Saoirse Ronan continues her strong 2013 by playing her second character named Daisy – the first was in Geoffrey Fletcher’s Violet and Daisy – an American teenager who is sent to the British countryside to stay with relatives. Though it takes her a while to get comfortable with the setting change, she soon begins a romantic relationship with Edmund (George MacKay), who may or may not be her cousin. But before everyone can live weirdly and happily ever after, a third world war has to happen. The country gets attacked and soon turns into a frightening police state, leaving Daisy, her family and Edmund to try and survive in the war-torn landscape.

The film is adapted from Meg Rosoff’s 2004 novel, which won several children’s literature awards, so I wouldn’t have been surprised if How I Live Now ended up looking like a Hunger Games clone, both in its aesthetic and in its tone. But while it doesn't resemble that film at all, I can’t even really peg the movie’s genre form the trailer, which flips from a light romantic drama to a post-nuclear survival thriller without so much as a blink. The music also flips from indie alternative to a melancholic score back to a brighter song at the end, which makes me hopeful that it won’t be as dark and depressing as it has the potential to be.
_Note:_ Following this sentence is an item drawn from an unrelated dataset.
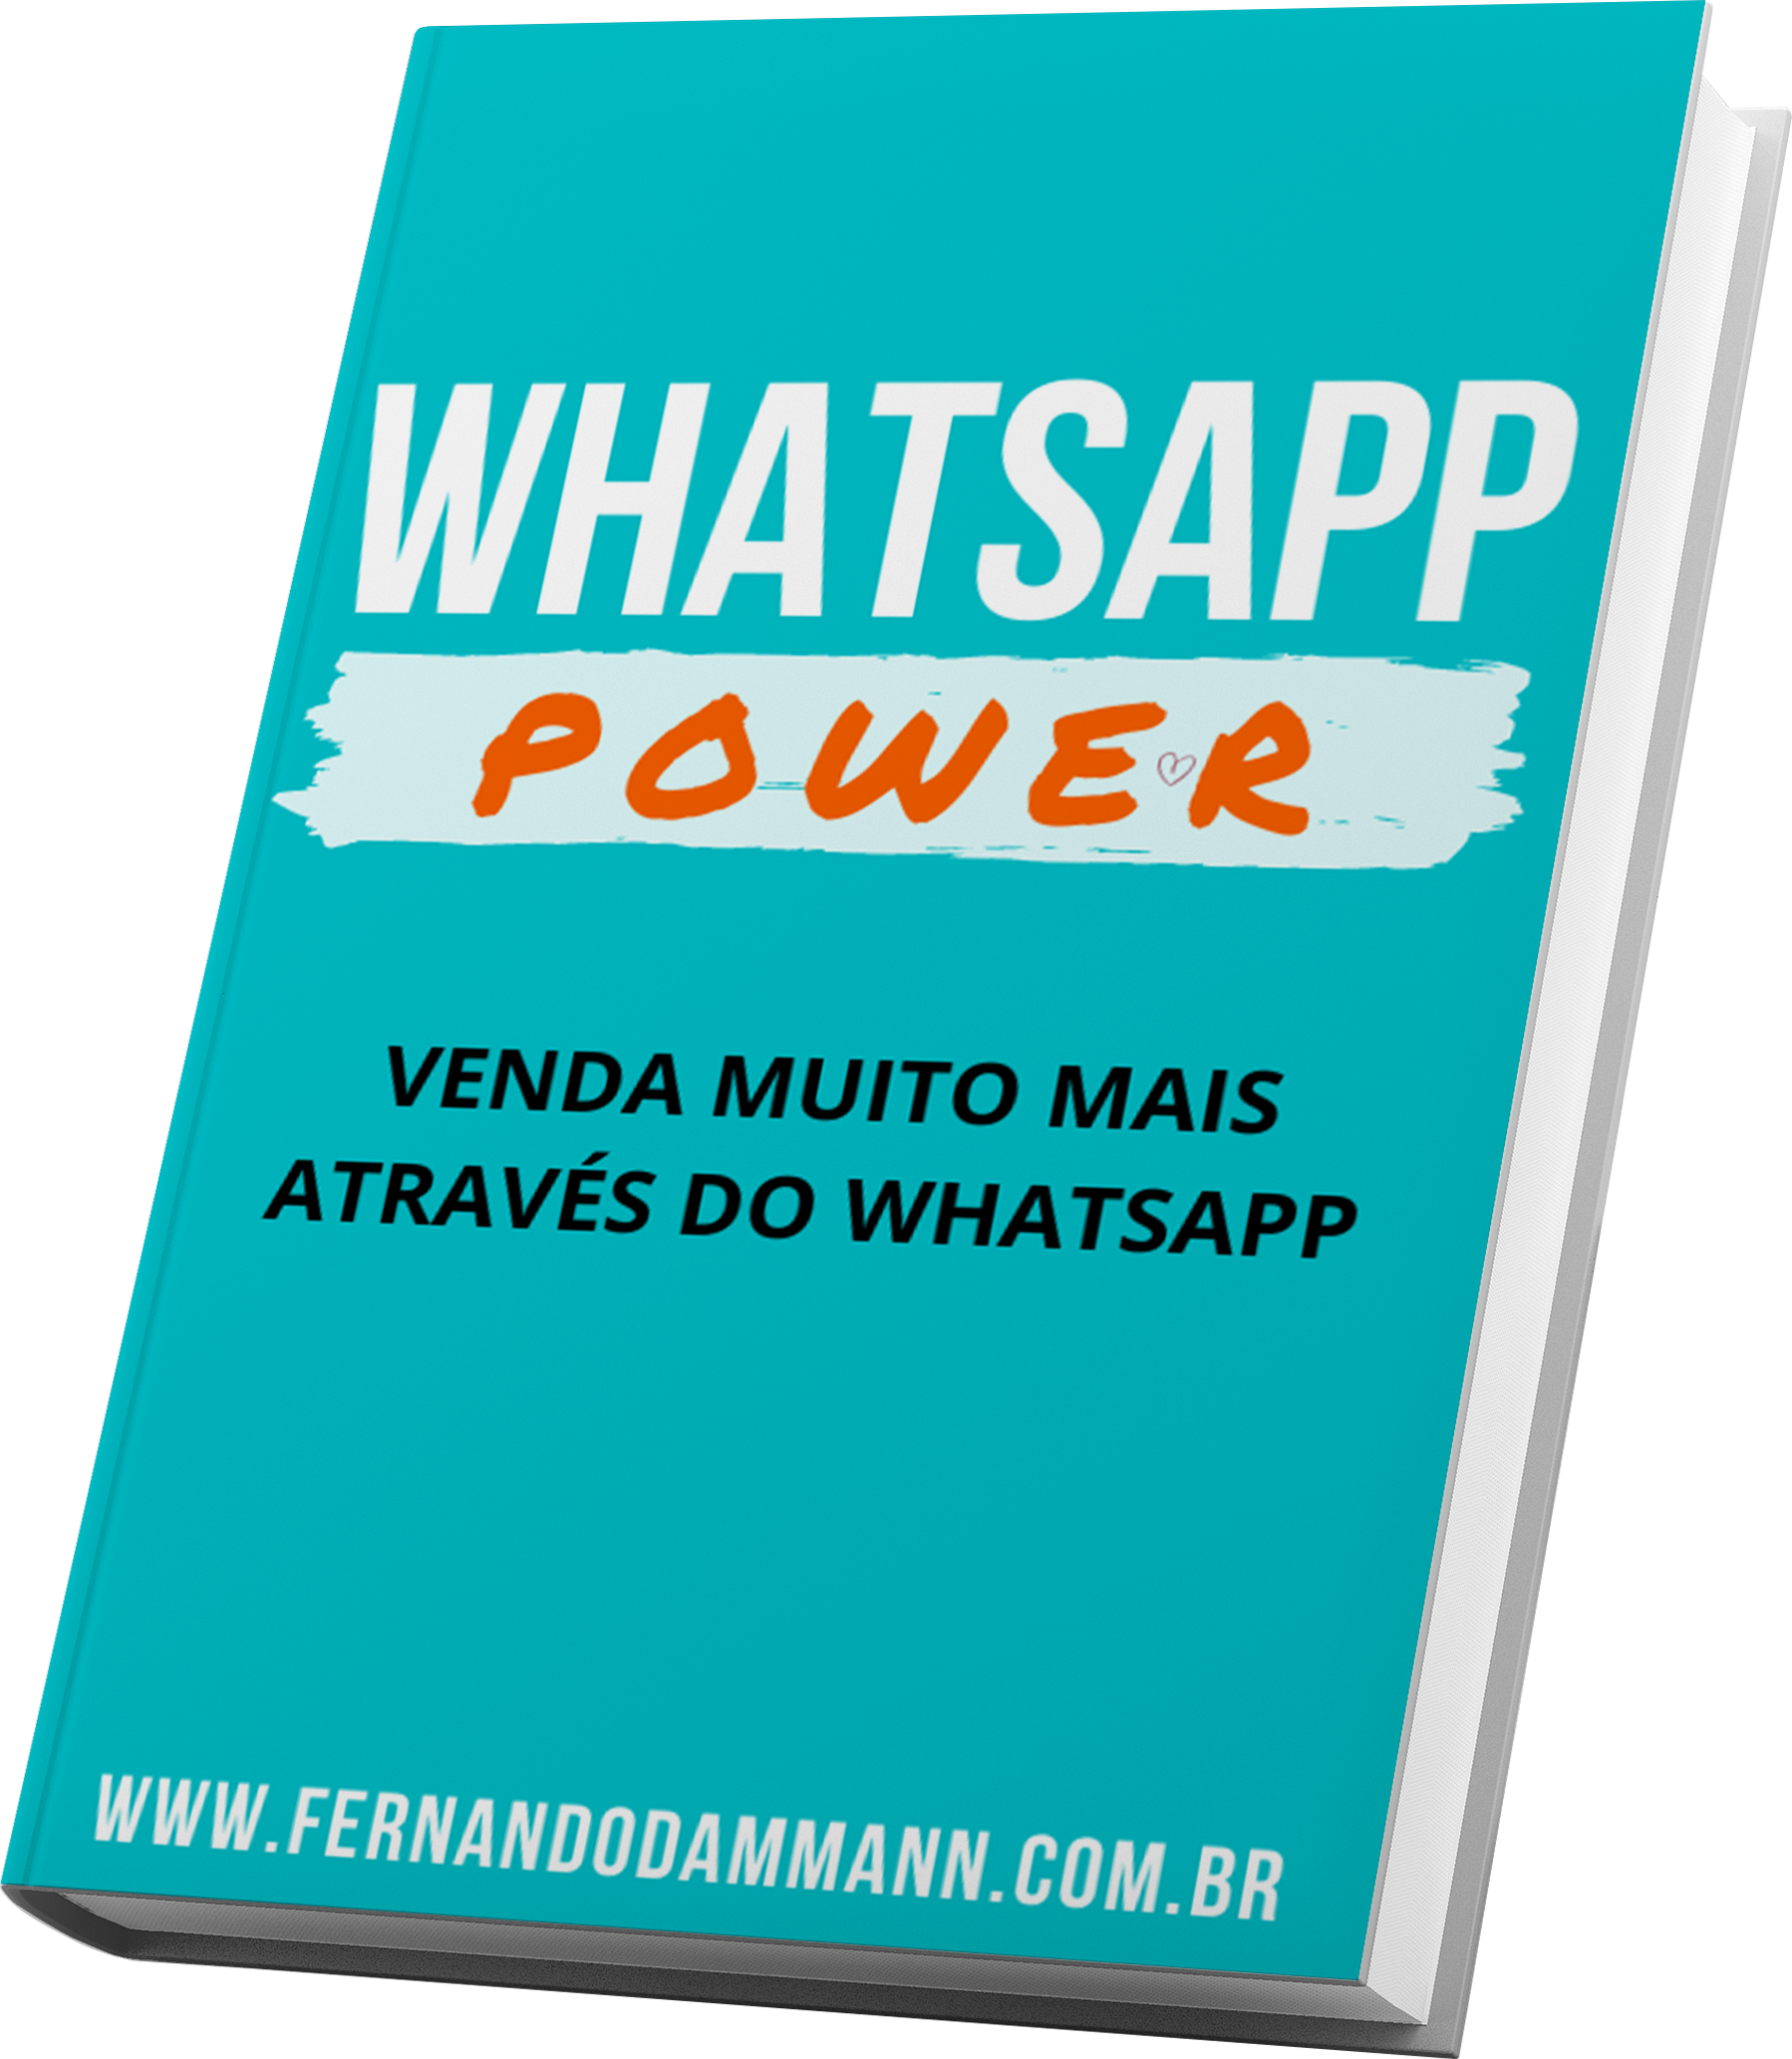 Whatsapp Power
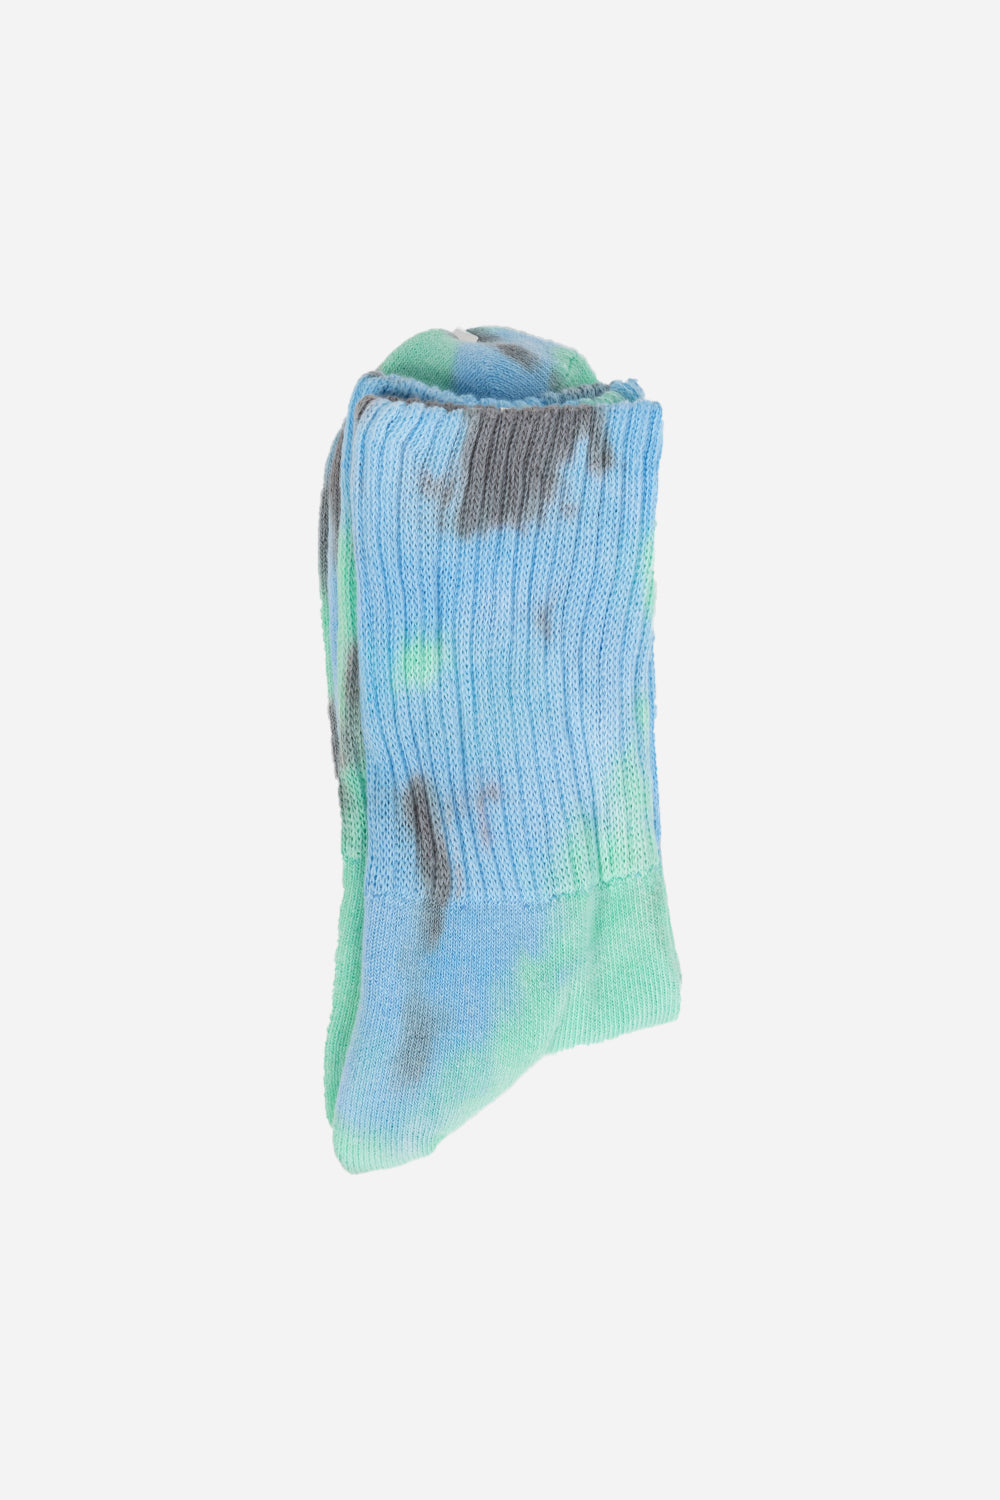 Rostersox-td-green-3-socks

I’m rather tired of post-apocalyptic teen-driven dramas, and I enjoy Ronan when she’s in a role where she gets to have a little fun, which wasn’t the case with the sci-fi thriller The Host or the vampire thriller Byzantium. So if How I Live Now whittles its focus down and makes this a strong character film, I’ll be very interested in the final result. As it stands now, one trailer in, my interest is piqued but mostly because of the strong source material and the fact that its incestuous angle isn’t a focal point for MacDonald to cling to.

Oddly enough, How I Live Now is bypassing the festival route and is set for a U.K. release on October 4. Unfortunately, no U.S. date has been set yet, but we expect Magnolia will be addressing this soon. Or at least before the next nuclear war.